In the midst of a private ongoing criminal investigation, news broke last month that previously leaked classified US-UK trade documents were stolen via spear phishing. These documents had been published anonymously online before the last UK election and were already the source of much embarrassment for the UK Government, writes Dave Mount, Director, Europe at the anti-phishing product company Cofense.
Allegedly stolen from Conservative MP Liam Fox, the breach was believed to be politically motivated and conducted as a state-backed – with fingers pointing towards Russia – operation. Fox was tricked into handing over the password and login details to his private email via a sophisticated and targeted attack.
The attack itself clearly delivered the damage it was intended to do. However, irrelevant of the documents stolen in this particular case, the incident itself is worth thinking about more broadly regarding what it means for security as a whole.

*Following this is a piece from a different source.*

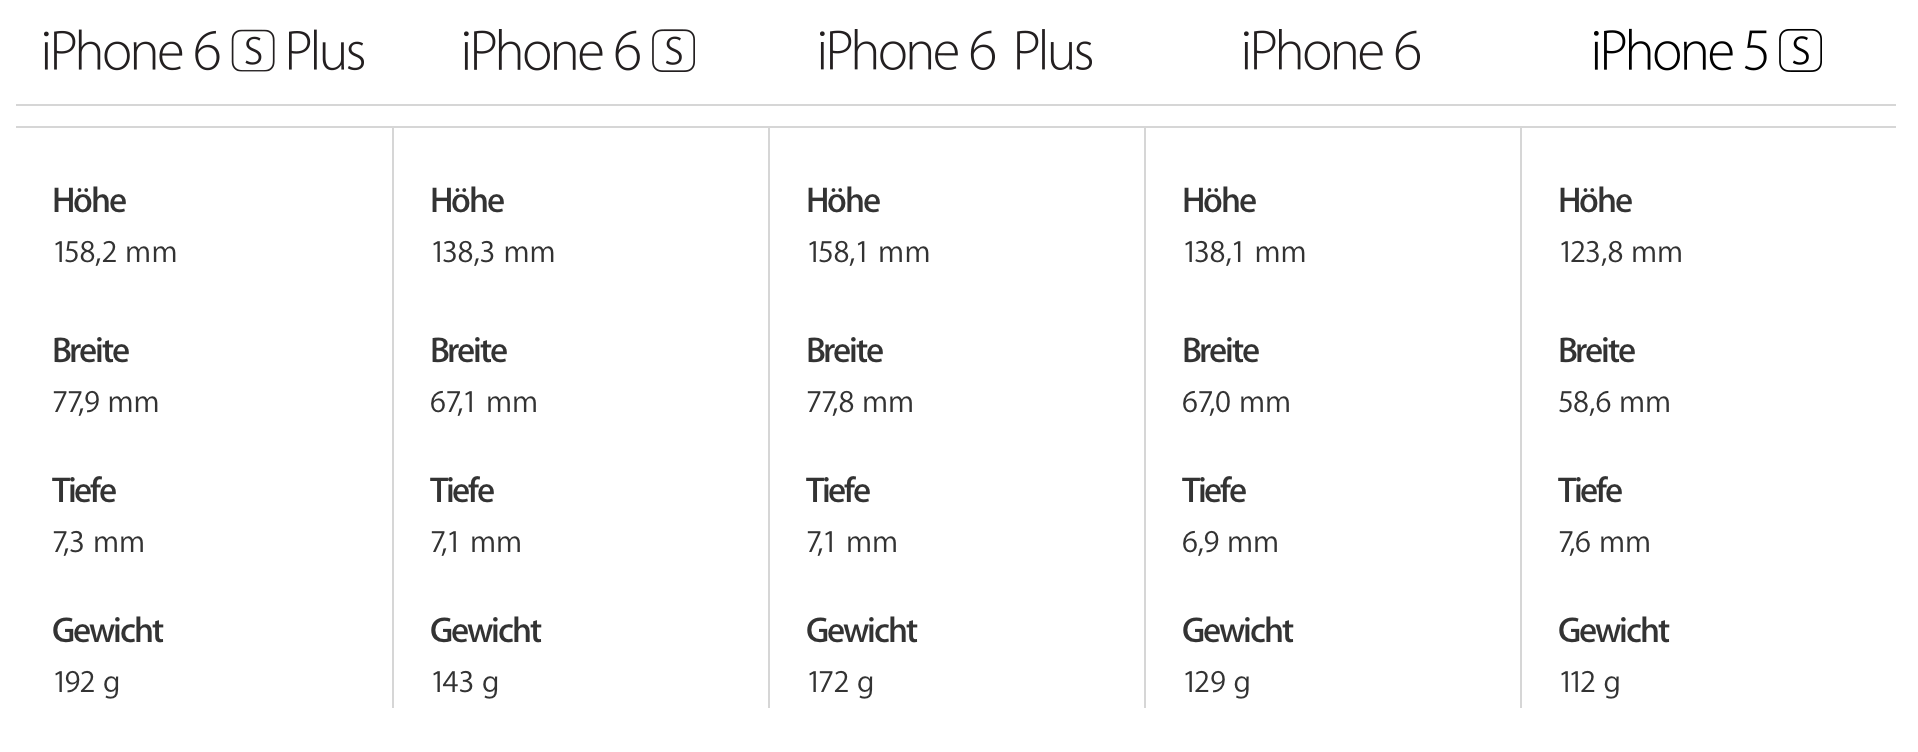 iPhone 6S und 6S Plus - Cases, Hüllen, Taschen etc...-bildschirmfoto-2015-09-09-um-23.20.42.png
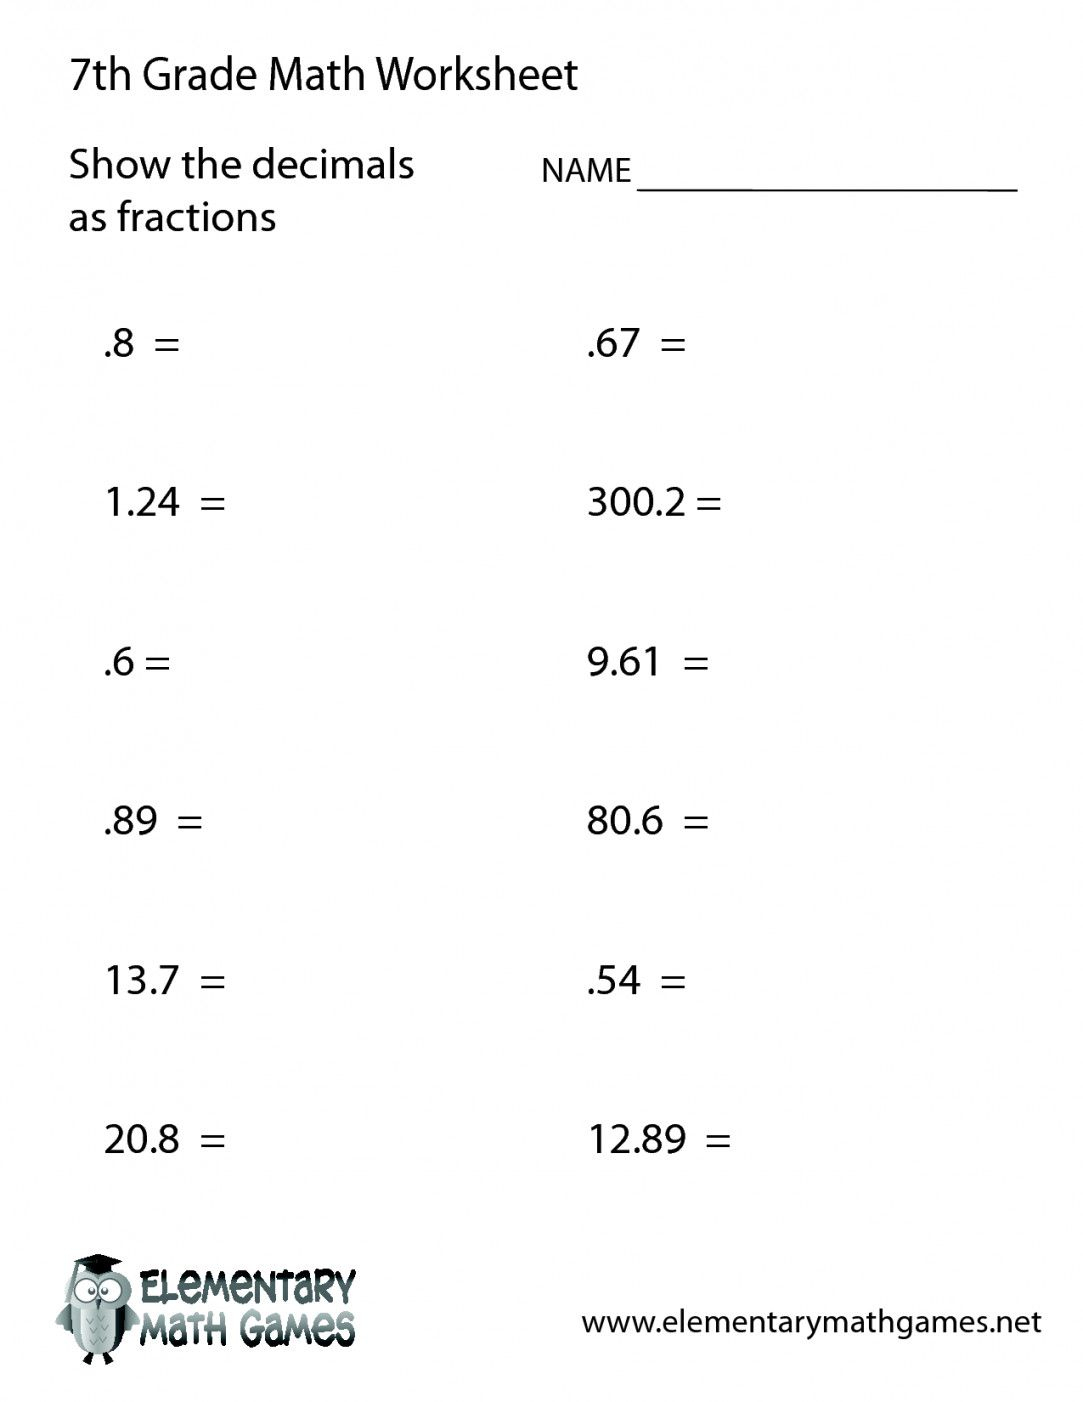 Free Printable 7Th Grade Math Worksheets | Lostranquillos - Free Printable 7Th Grade Math Worksheets

Why spear phishing matters
Spear phishing, as you likely already know, is a form of social engineering that efficiently infiltrates systems and data. While hackers randomly spoofing the look and branding of an email or website is common place, sophisticated spear phishing goes one step further. With element of social engineering, a little bit of research and an extra bit of effort, hackers are able to create tailored attacks that can catch out even savvy users if they aren’t trained to spot the red flags.
For example, a user who receives an email from a random insurer is very unlikely to follow through with any steps the email asks them to do. If, however, that same user has previously Tweeted about what insurer they use… well then the hackers can create a bespoke email which is far more likely to catch the user out and get them to expose their login data.
Going after Governments
Data leak examples such as this (where spear phishing) has been used only servers to show how seriously it should be taken. If high ranking government officials protected by the National Cyber Security Centre and solutions like Secure Email Gateways (SEGs) are susceptible to leaking sensitive data and information via these methods, then it stands to reason that your employees are, too. No matter what your SEG vender might want you to believe, every day, thousands of malicious emails pass through the systems of leading SEG venders unnoticed.
Arguably, it is the businesses that believe they are fully protected by SEGs that are most at risk. If employees believe only genuine emails will get through to them, they are far more likely to read a spear phishing attempt as a genuine request for data such as login details. All with potentially huge consequences.
The world outside of SEGs
So if an organisation already has SEG technology and wants to do more to ensure its employees are protected, what can it do? The answer is a mix of technology and human training. While technology alone does help, it is all for nothing if those protected are not actively working to spot malicious actors.
In other words, a human and machine pairing is – and will remain – the best way to reduce the risk of phishing attacks. As the National Cyber Security Centre [NCSC] says themselves, “If just one user reports a phish, you can get a head start on defending your company against that phishing campaign and every spotted email is one less opportunity for attackers”. The threat landscape has never been more dangerous and we, together with machines, all need to ensure we are best prepared against it.